# Blue sky artifacts when using a circular polarizer and a wide-ish angle lens.



## Sharon R. Nahill (Oct 28, 2016)

Hello!

This is my first thread on this forum so bear with me!  Thanks in advance. I am wondering how I can even out the blue sky in my photos when I have used a circular polarizing filter with a wide-ish lens. Some of the sky is a brilliant blue but other portions fade into a garish white when the sun is to the side of me while I am taking the photo (I think).  A professional photographer friend of mine who uses Nikon equipment and Nikon photo editor says he has a tool to do just that. I imagine Lightroom or photoshop has it too. I am not familiar with but have access to, photoshop (with my adobe photoshop and Lightroom subscription). Could you please direct me to a place where I can learn how to do that in lightroom?

Thanks so much!


----------



## tspear (Oct 28, 2016)

In the develop module, I have used the radial filter and the gradient filters to address this issue. Both allow you adjust local exposures, color...
Selecting which one to use depends on the picture.


----------



## Sharon R. Nahill (Oct 28, 2016)

Sahron R. Nahill said:


> Hello!
> 
> This is my first thread on this forum so bear with me!  Thanks in advance. I am wondering how I can even out the blue sky in my photos when I have used a circular polarizing filter with a wide-ish lens. Some of the sky is a brilliant blue but other portions fade into a garish white when the sun is to the side of me while I am taking the photo (I think).  A professional photographer friend of mine who uses Nikon equipment and Nikon photo editor says he has a tool to do just that. I imagine Lightroom or photoshop has it too. I am not familiar with but have access to, photoshop (with my adobe photoshop and Lightroom subscription). Could you please direct me to a place where I can learn how to do that in lightroom?
> 
> Thanks so much!





tspear said:


> In the develop module, I have used the radial filter and the gradient filters to address this issue. Both allow you adjust local exposures, color...
> Selecting which one to use depends on the picture.


Dear Tim, 
Thank you so much for the rapid response. I will look into the radial filter. I have never used that before. The gradient filter does not seem to do the trick even when I apply more than one from different directions. Any clues on how to apply the gradient filter when you have a cone of dark blue with objects like tress and mountains jutting into the blue?


----------



## tspear (Oct 28, 2016)

Sharon,

Try the automask. Basically, I apply the gradient filter or the radial filter, then switch to brush mode with erase turned on using the auto mask to erase the areas I do not wish to apply.
Using a google search, here is a video that shows the basics of the erase and add techniques using a brush. 
Using the NEW Filter Brush in Lightroom 6 and Lightroom Creative Cloud
Note: I know nothing about the site, it just came up in a search. I do not "purchase" presets, in fact I barely use them at all.

Tim


----------



## Sharon R. Nahill (Oct 28, 2016)

tspear said:


> Sharon,
> 
> Try the automask. Basically, I apply the gradient filter or the radial filter, then switch to brush mode with erase turned on using the auto mask to erase the areas I do not wish to apply.
> Using a google search, here is a video that shows the basics of the erase and add techniques using a brush.
> ...


Thanks so much. I will watch the videos and learn how to use automask. More when I need more help!
Be well!


----------



## Johan Elzenga (Oct 28, 2016)

Maybe you should also ask yourself why you use a polarizer in the first place. In the days of film, we often used polarizers to enhance the sky. Using this filter would increase the contrast between the blue sky and the white clouds. It also increased the overall color saturation. With a digital camera that is no longer necessary. It's pretty easy to do those things in Lightroom. Try a little 'Dehaze' and see what that does to a blue sky!

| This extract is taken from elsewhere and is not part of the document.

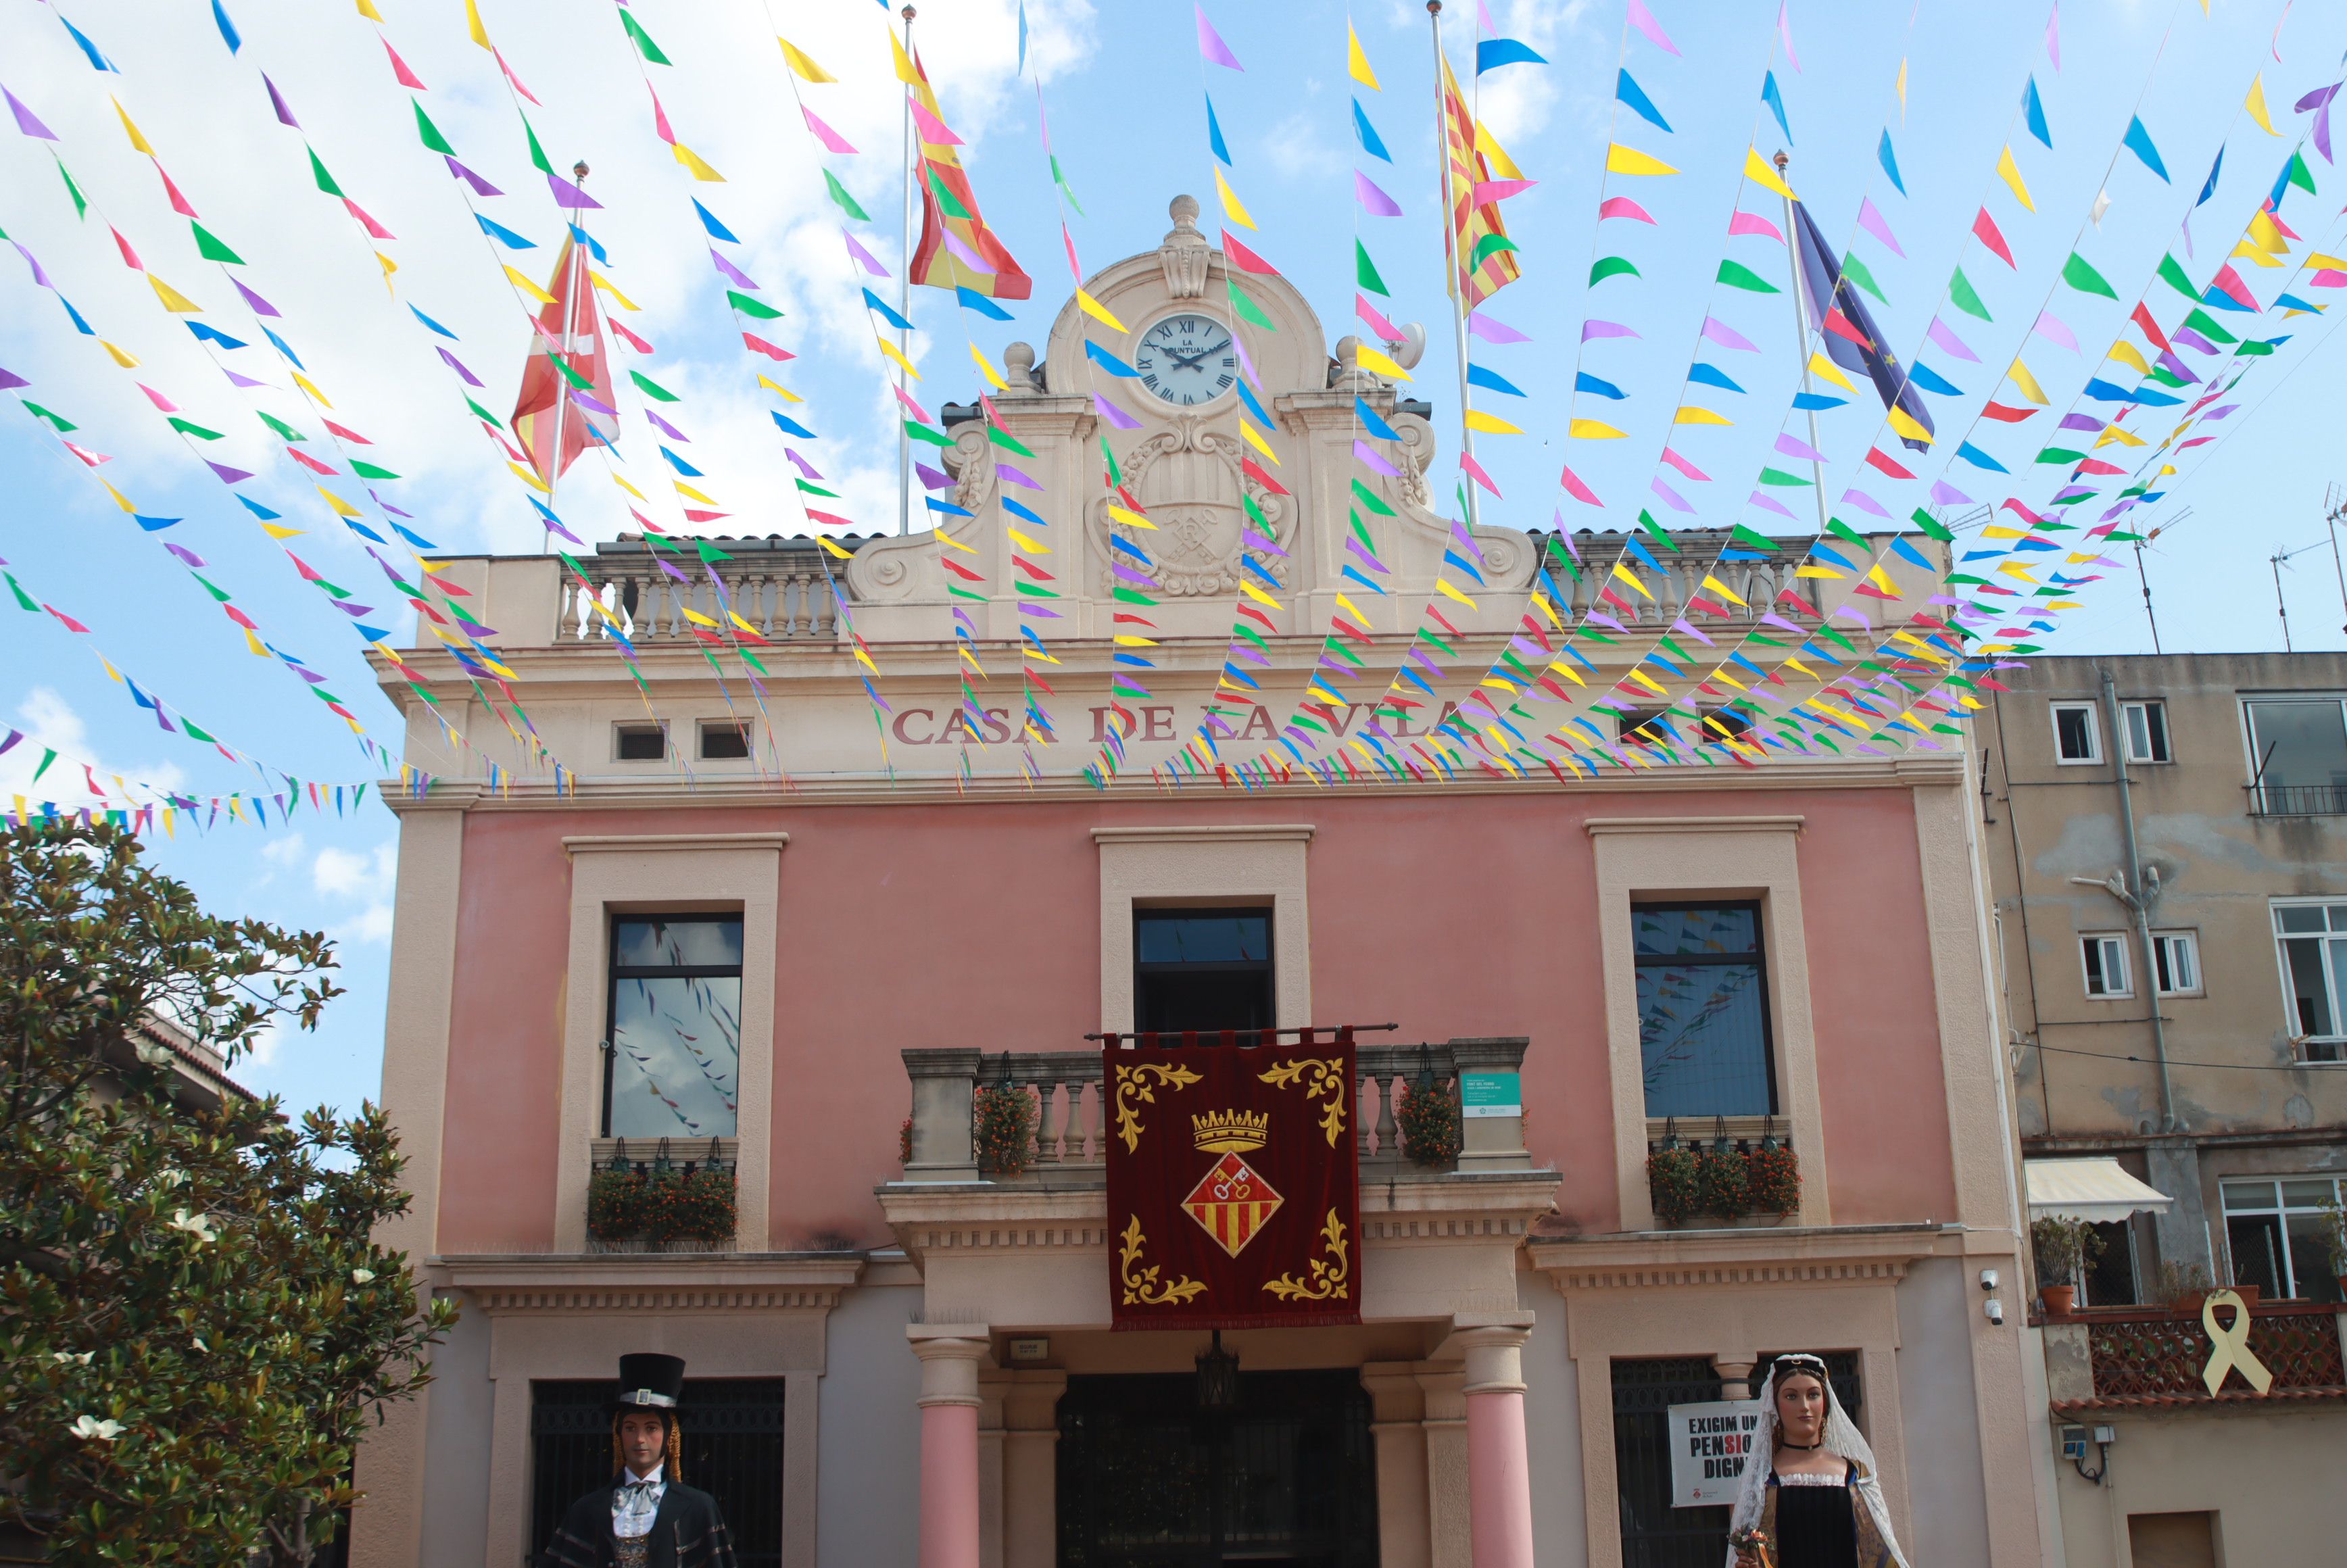 Despertada i plantada de gegants per Festa Major. FOTO: Josep Llamas
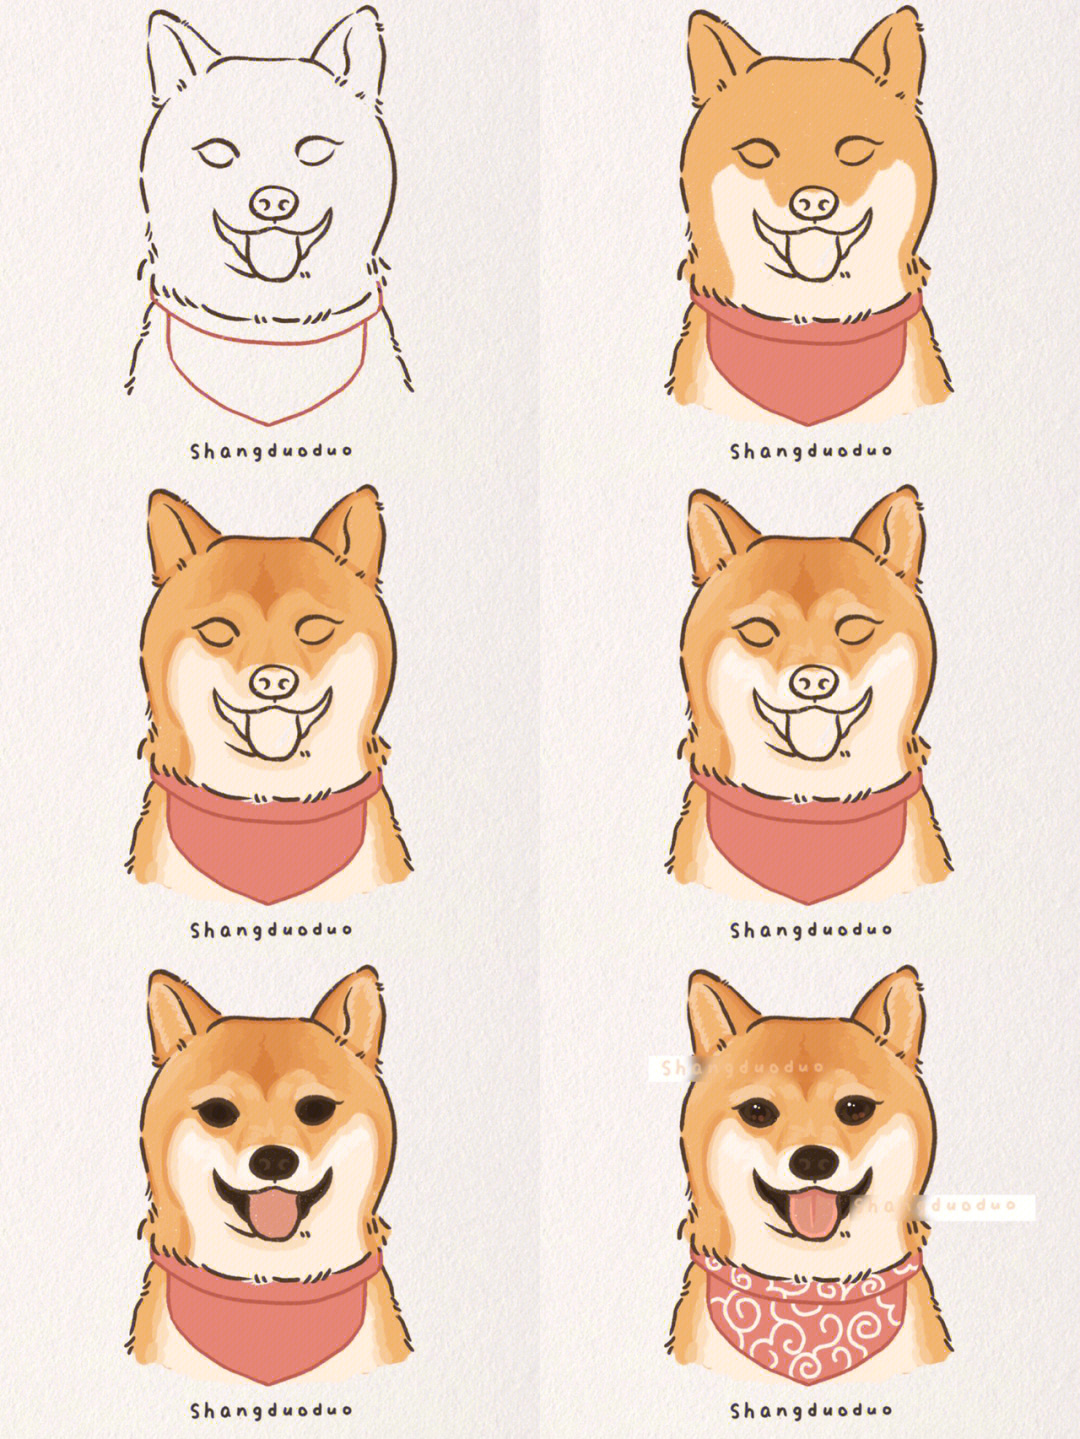 柴犬绘画教程图片

I'm not saying that you should never use a polarizer. This filter can still do a few tricks (like removing reflection from the surface of water) that are very difficult to do in post production. But if you still use a polarizer to enhance the sky or to enhance the overall color saturation, it may be a better idea to learn to do that in Lightroom rather than to learn how to _undo_ the unwanted side-effects of the polarizer in Lightroom...


----------



## Sharon R. Nahill (Oct 28, 2016)

JohanElzenga said:


> Maybe you should also ask yourself why you use a polarizer in the first place. In the days of film, we often used polarizers to enhance the sky. Using this filter would increase the contrast between the blue sky and the white clouds. It also increased the overall color saturation. With a digital camera that is no longer necessary. It's pretty easy to do those things in Lightroom. Try a little 'Dehaze' and see what that does to a blue sky!
> 
> I'm not saying that you should never use a polarizer. This filter can still do a few tricks (like removing reflection from the surface of water) that are very difficult to do in post production. But if you still use a polarizer to enhance the sky or to enhance the overall color saturation, it may be a better idea to learn to do that in Lightroom rather than to learn how to _undo_ the unwanted side-effects of the polarizer in Lightroom...


Hi Johan,
Thanks so much for your help and suggestions. In answer to your question, I use a cpolarizer to remove glare, not really to intensify the blue sky, although that is nice when it happens. I photograph most often from my kayak and glare on the water and greenery is really an issue. I often use dehaze and vibrancy to saturate colors when I do not use my cpolarizer.  Again. Thanks so much!


----------



## Sharon R. Nahill (Oct 28, 2016)

Oh! One other thing...another reason I am reluctant to let go of my cpolarizer is because I have a very bad habit of taking pictures close to midday !


----------



## Sharon R. Nahill (Oct 28, 2016)

tspear said:


> Sharon,
> 
> Try the automask. Basically, I apply the gradient filter or the radial filter, then switch to brush mode with erase turned on using the auto mask to erase the areas I do not wish to apply.
> Using a google search, here is a video that shows the basics of the erase and add techniques using a brush.
> ...


----------



## Sharon R. Nahill (Oct 28, 2016)

Hi Tim,

I did not realize the radial filter had a brush with it! I watched the clip and then read in my Lightroom manual how to use it to erase "a mask". Thanks again. I will give it a try.


----------



## tspear (Oct 28, 2016)

Sharon R. Nahill said:


> Oh! One other thing...another reason I am reluctant to let go of my cpolarizer is because I have a very bad habit of taking pictures close to midday !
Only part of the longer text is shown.